После сейма, покончившего с Речью Посполитой и давшего Литве не просто прежние вольности, но фактически перечеркнувшего всё, что было сделано польскими королями со времён Ягайло и Кревской унии, соединившей два государства, работы было ещё очень и очень много. Самым простым оказалось вернуться, потому что никаких конфедераций по пути к границе не было и в помине. Шляхта сидела по городам, замкам и имениям тише воды, опасаясь страшных лисовчиков, о чьих бесчинствах в Варшаве, где, как всем известно, улицы текли кровью, ходили самые страшные слухи. Передаваясь из уст в уста, они превращались в такие небылицы, что возвеличивали самого полковника Лисовского едва ли не до масштабов hostis humāni genĕris.[1] Кое-кто же на полном серьёзе утверждал, что Лисовский — никто иной, как один из всадников Апокалипсиса, правда, тут версии разнились: одни считали его Войной, а другие — Мором, хотя за первыми было явное преимущество. Слыша о чём-то подобном, Лисовский только ус подкручивал, раздуваясь от важности.
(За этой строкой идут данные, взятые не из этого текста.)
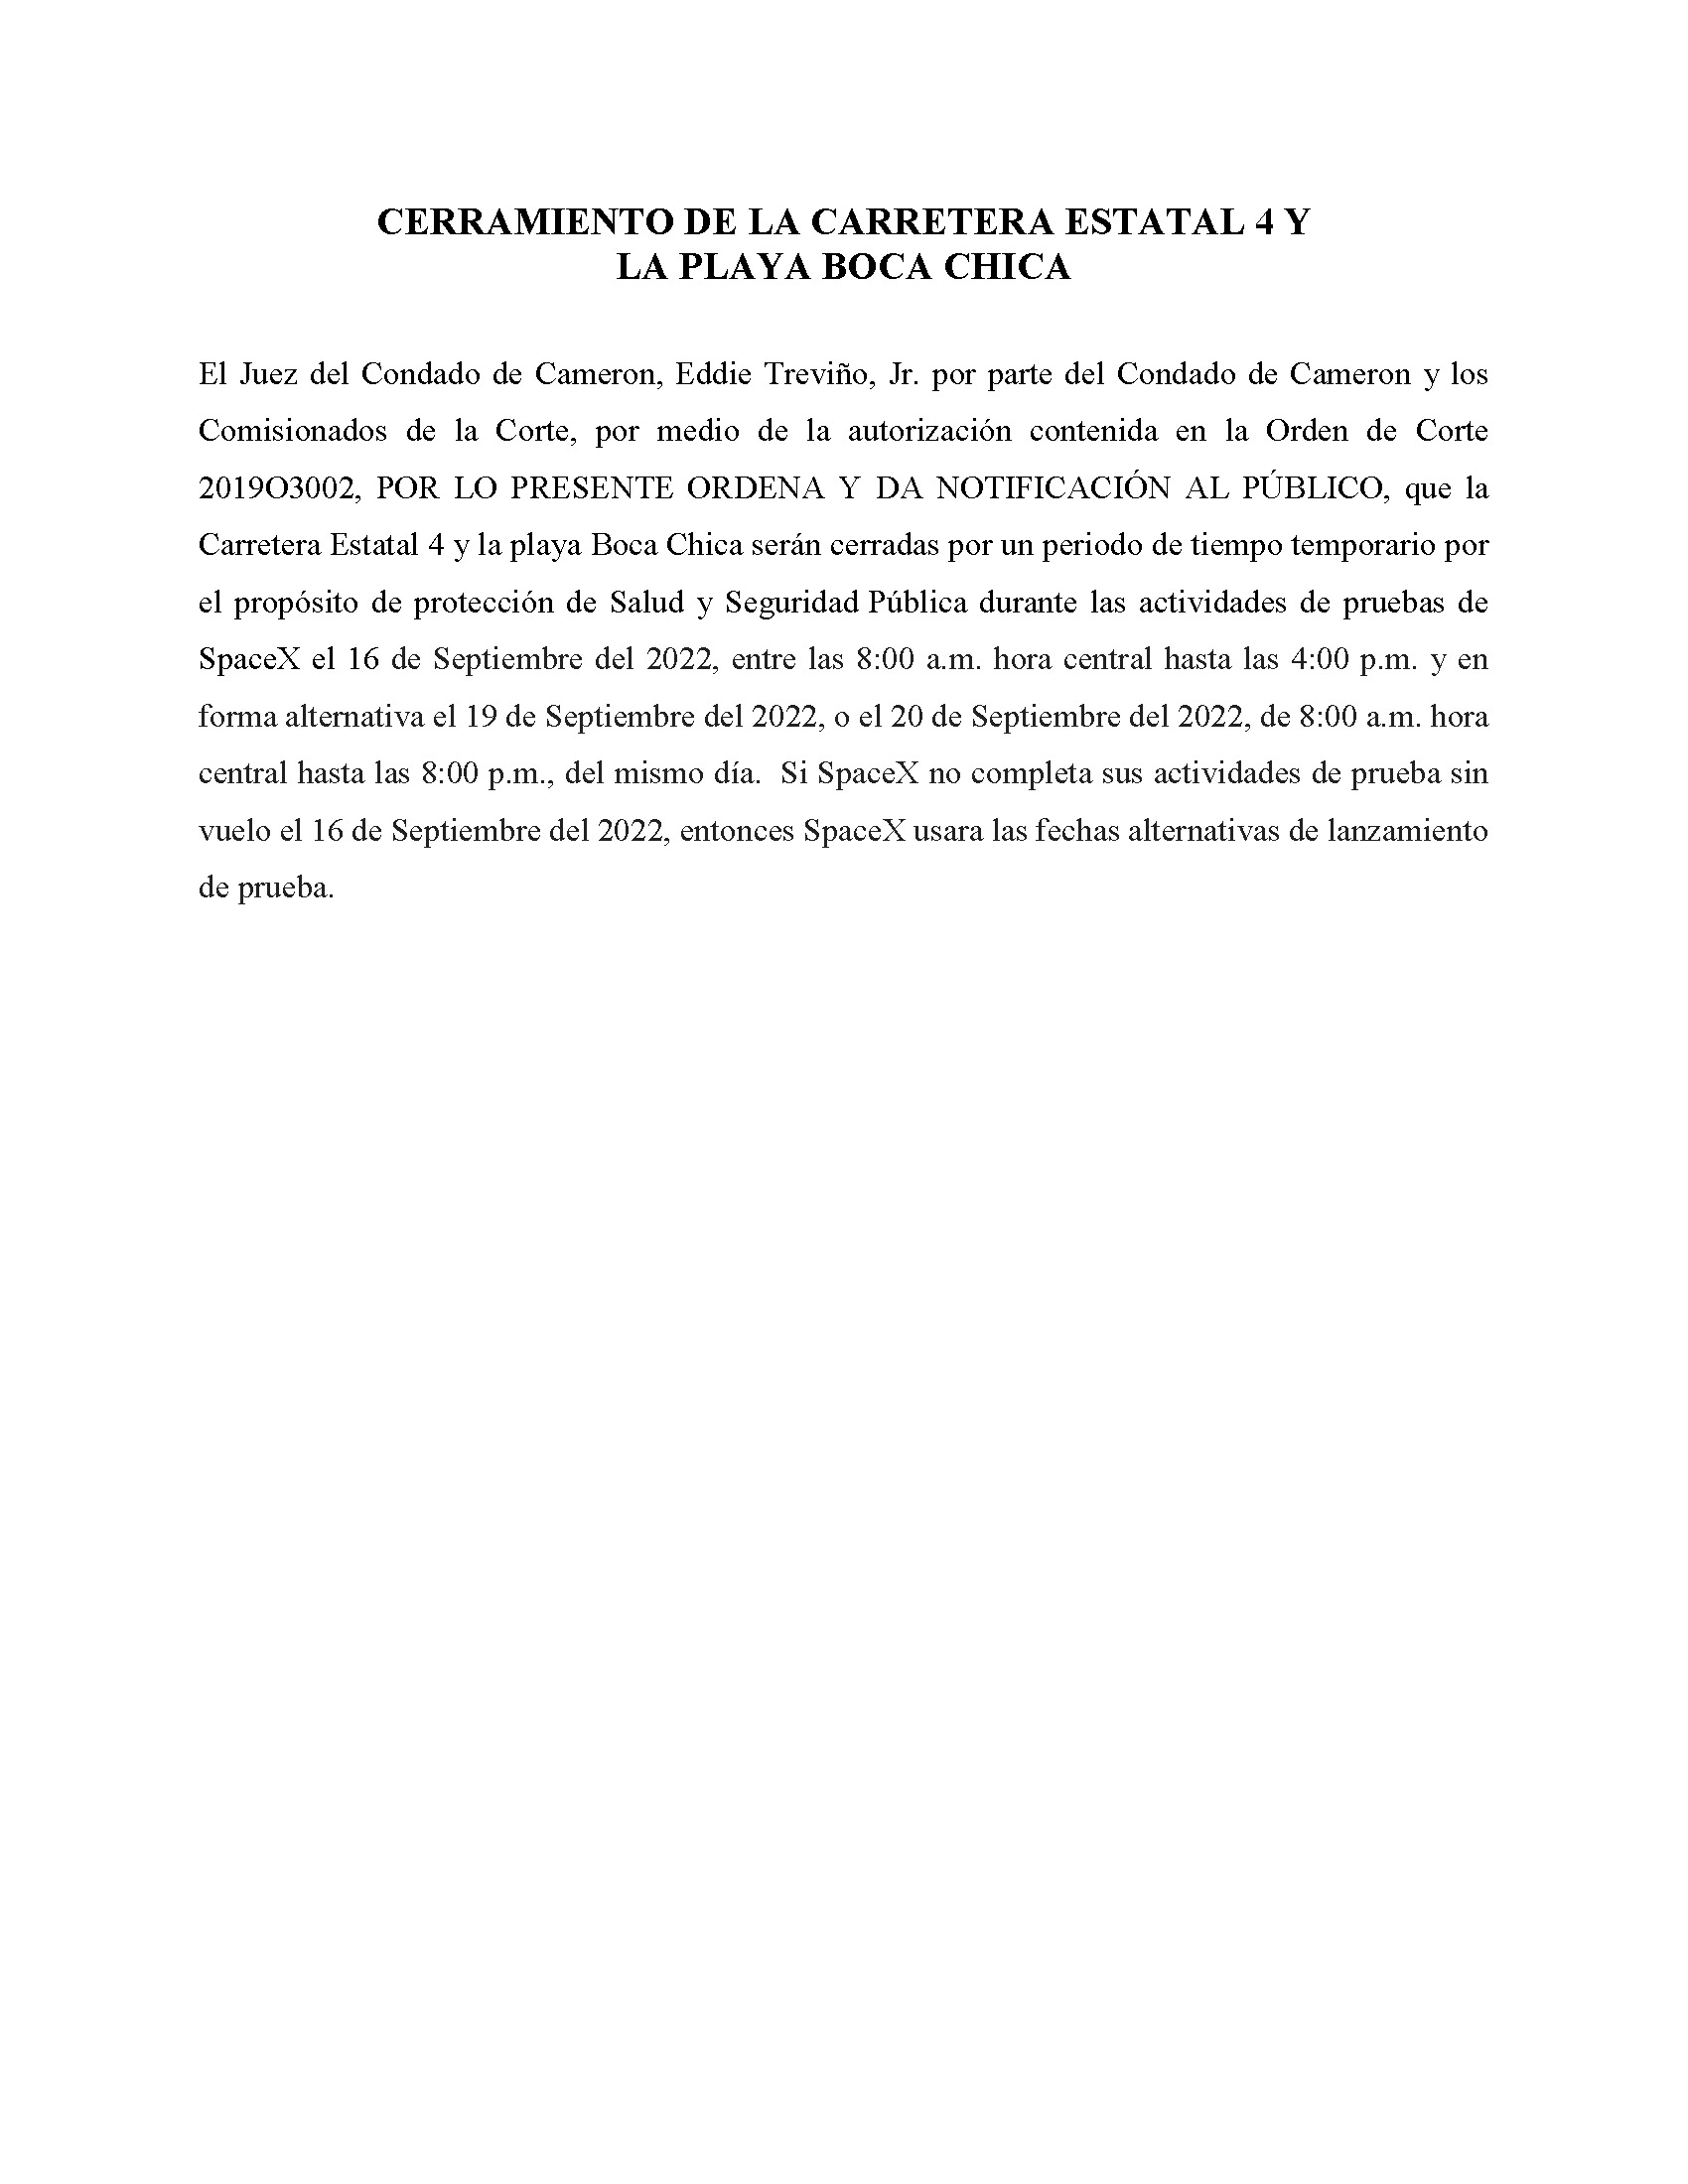 ORDER.CLOSURE OF HIGHWAY 4 Y LA PLAYA BOCA CHICA.SPANISH.09.16.2022
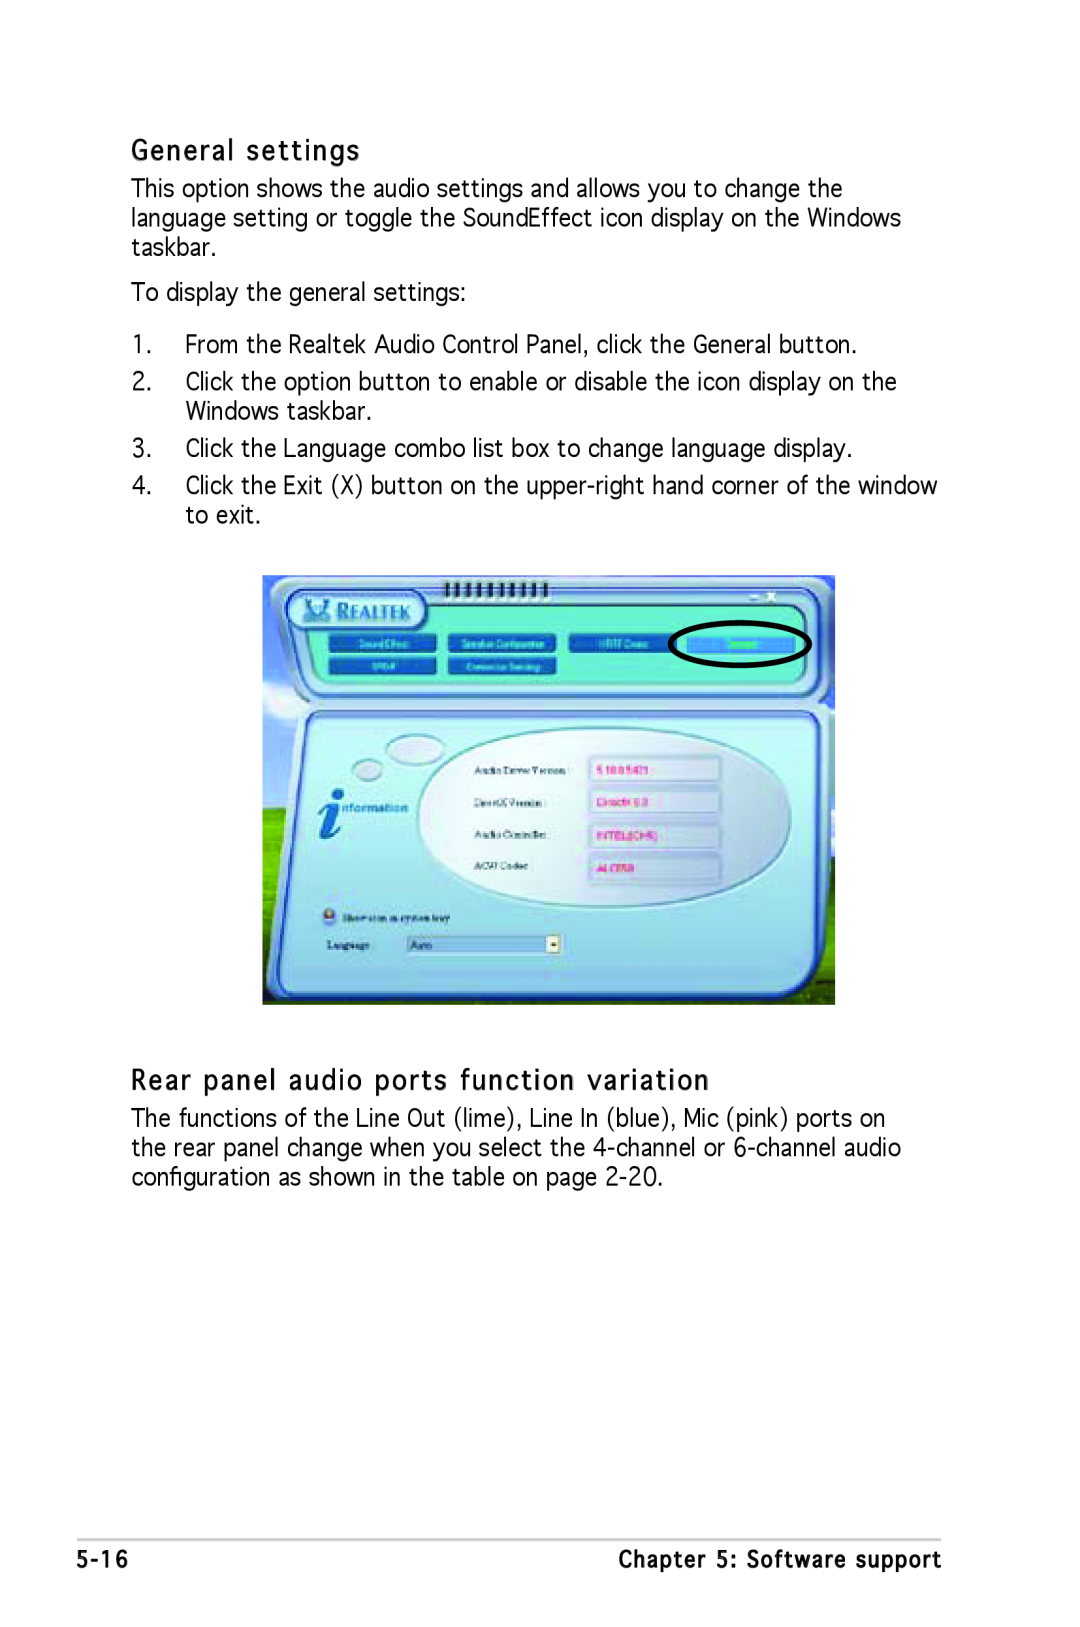 Asus A8N-SLI SE manual General settings, Rear panel audio ports function variation

Вообще, его полк теперь, когда закончилась война, стал для нас проблемой. Долго держать в узде такую орду давно привыкших к грабежу и насилию ублюдков, в каких превратились его солдаты, было невозможно. Их срочно требовалось куда-нибудь отправить, и новое назначение быстро нашлось. Даже особо думать не надо было.
В первый же день в Вильно, когда полк Лисовского был расквартирован в Заречье и пока ещё его лисовчики не успели там начать привычные безобразия (денег им вполне хватало на мёд, водку и девок), я вызвал пана Александра. Хотя гонца я отправил к нему с самого утра, и прискакал Лисовский довольно скоро, от него уже за версту несло стоялым мёдом. Видимо, и вчера крепко приложился, и сегодня перед тем, как ко мне ехать, похмелиться не забыл.
— Нечего тебе, пан полковник, — заявил я Лисовскому, — и людям твоим без дела сидеть. Готовь их к новому походу.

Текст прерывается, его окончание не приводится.